— ASSIGNMENT —
Beginning with the line that holds "buffalo in the wildflowers", copy each line through the end of the material below, exactly and with no pictures.

— SUPPLIED DATA —
-=-=-
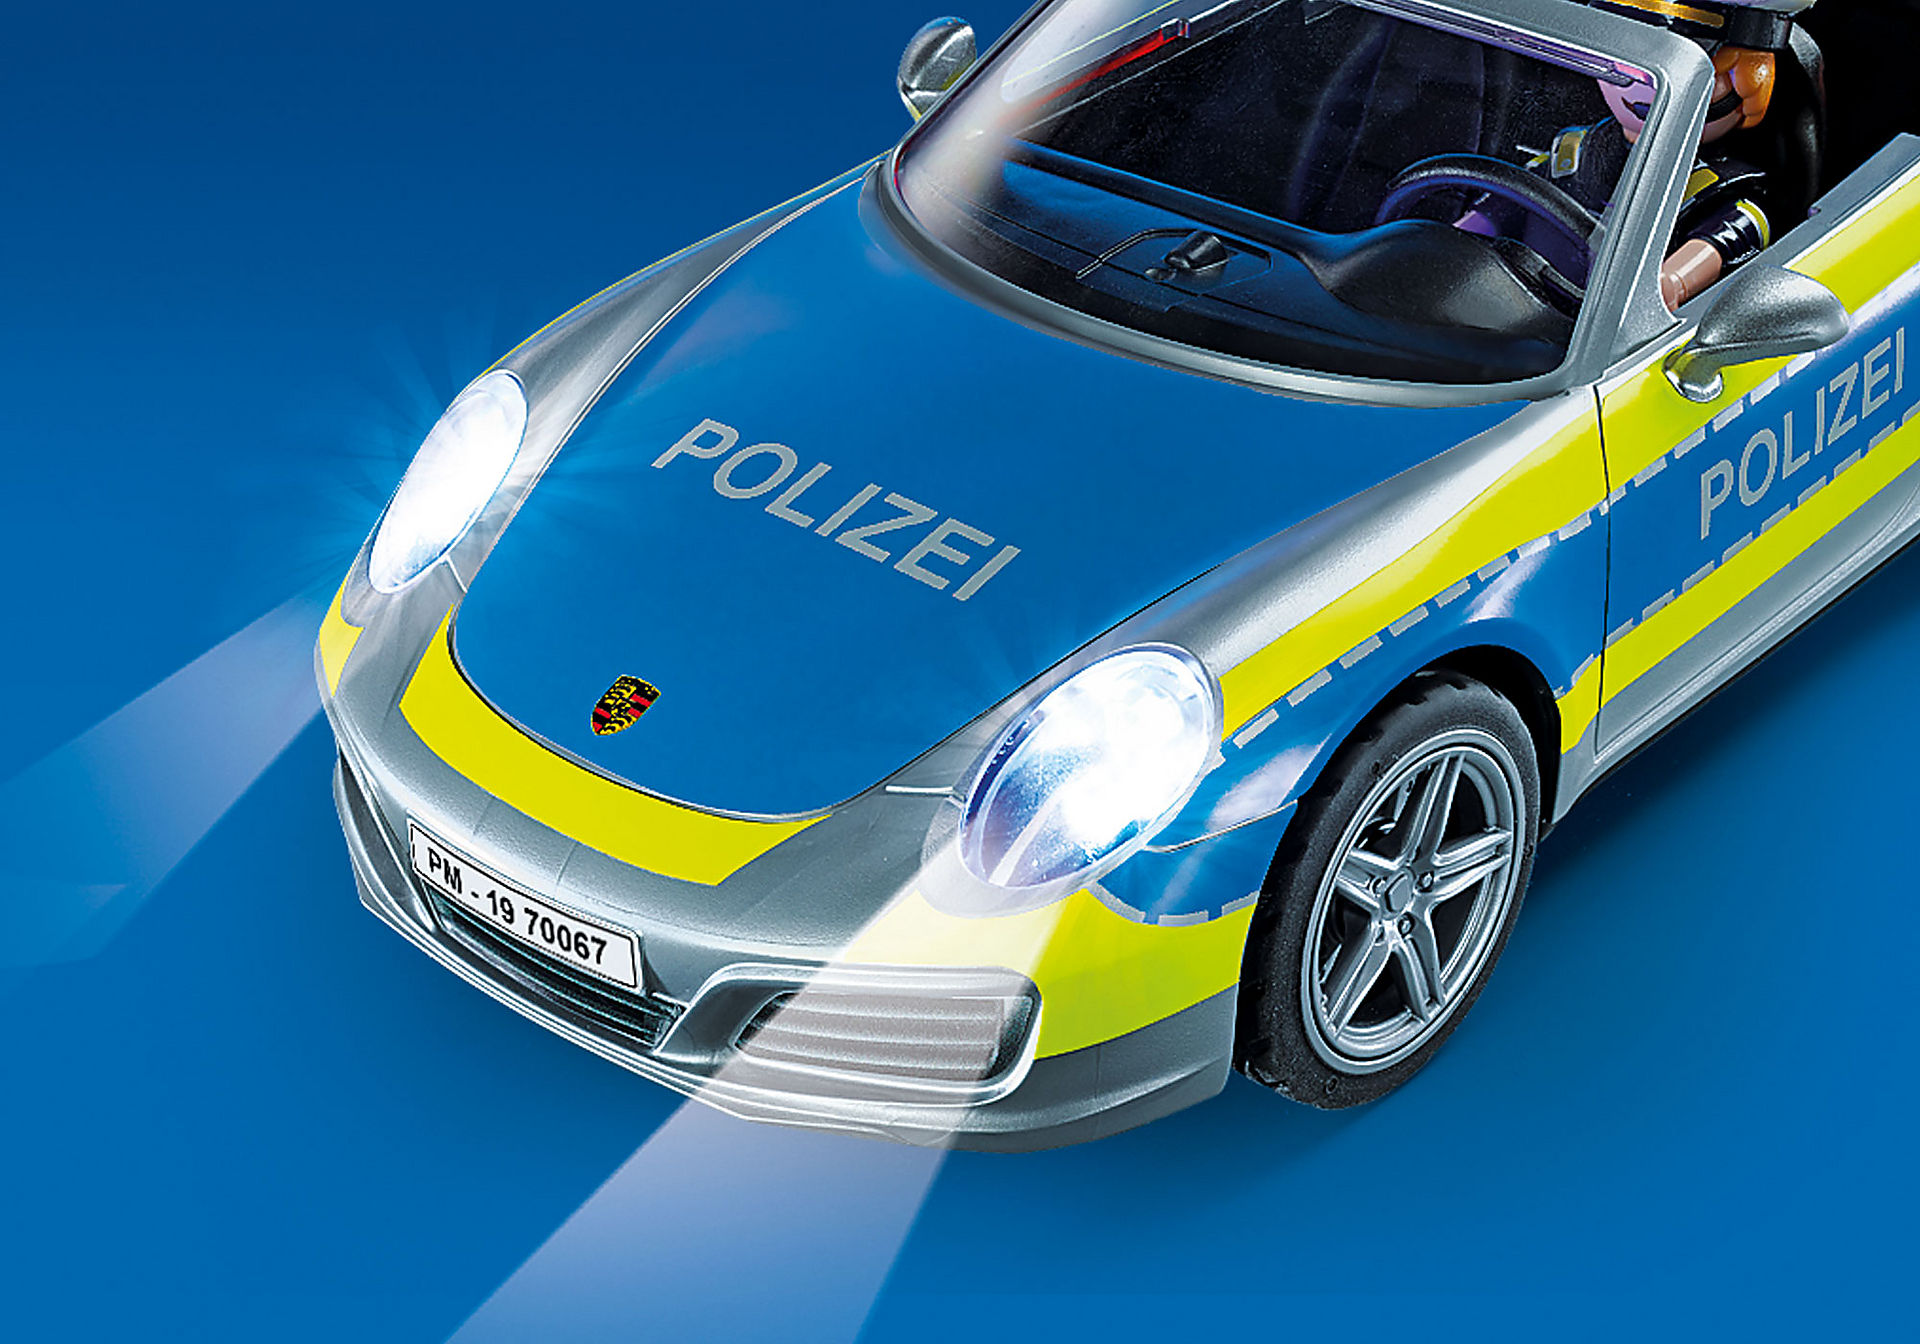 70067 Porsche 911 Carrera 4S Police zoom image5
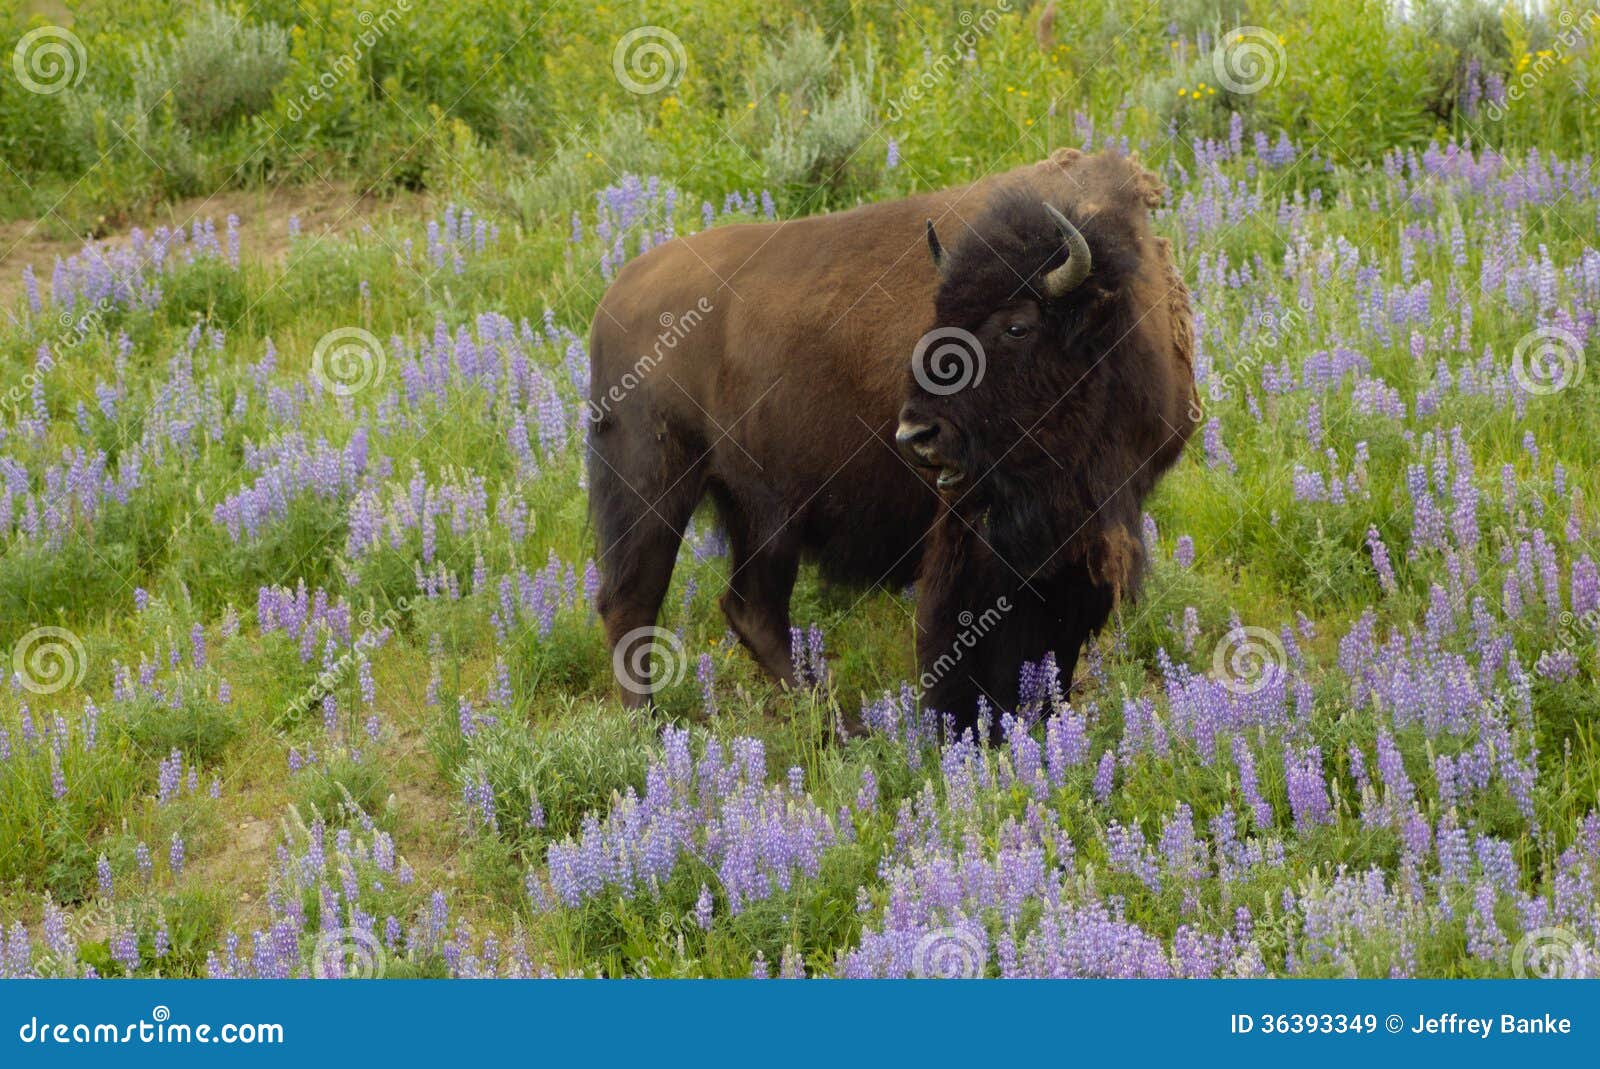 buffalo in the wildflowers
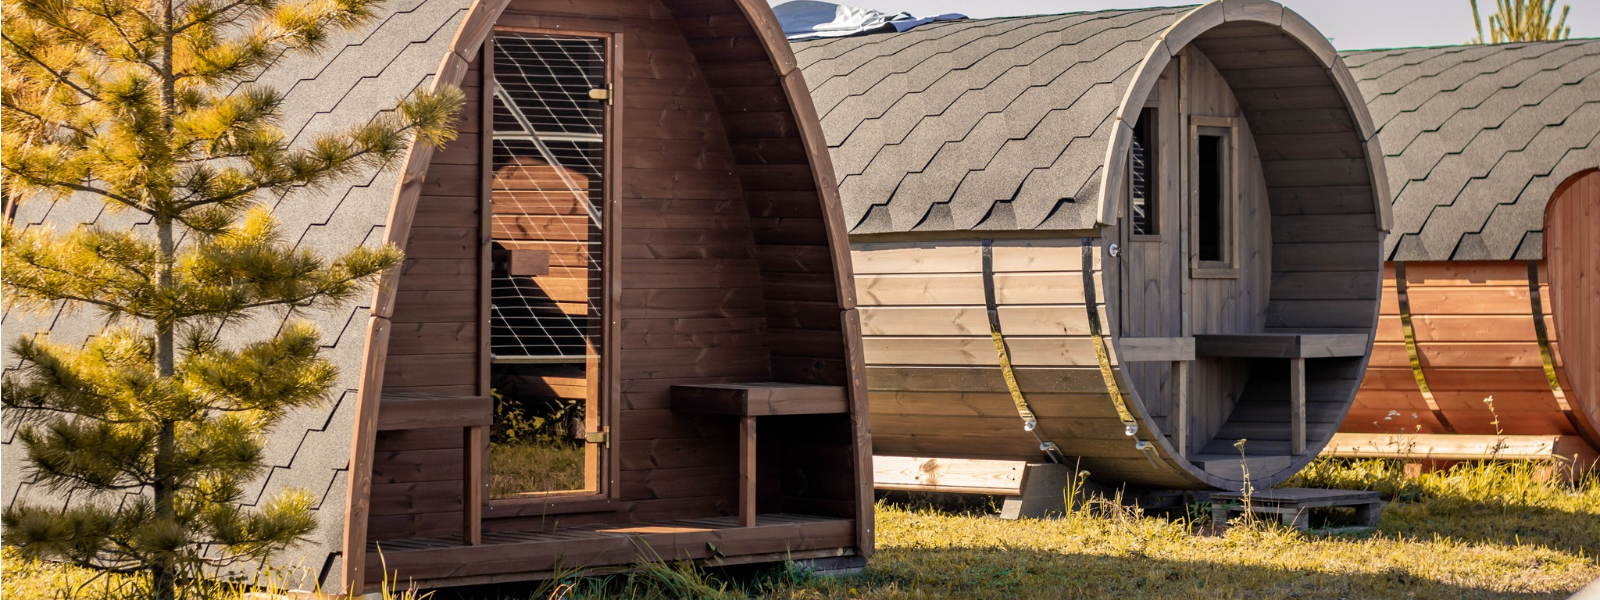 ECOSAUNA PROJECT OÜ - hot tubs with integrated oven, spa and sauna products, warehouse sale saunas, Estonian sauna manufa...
-=-=-
— RESULT BELOW —
 buffalo in the wildflowers
 ECOSAUNA PROJECT OÜ - hot tubs with integrated oven, spa and sauna products, warehouse sale saunas, Estonian sauna manufa...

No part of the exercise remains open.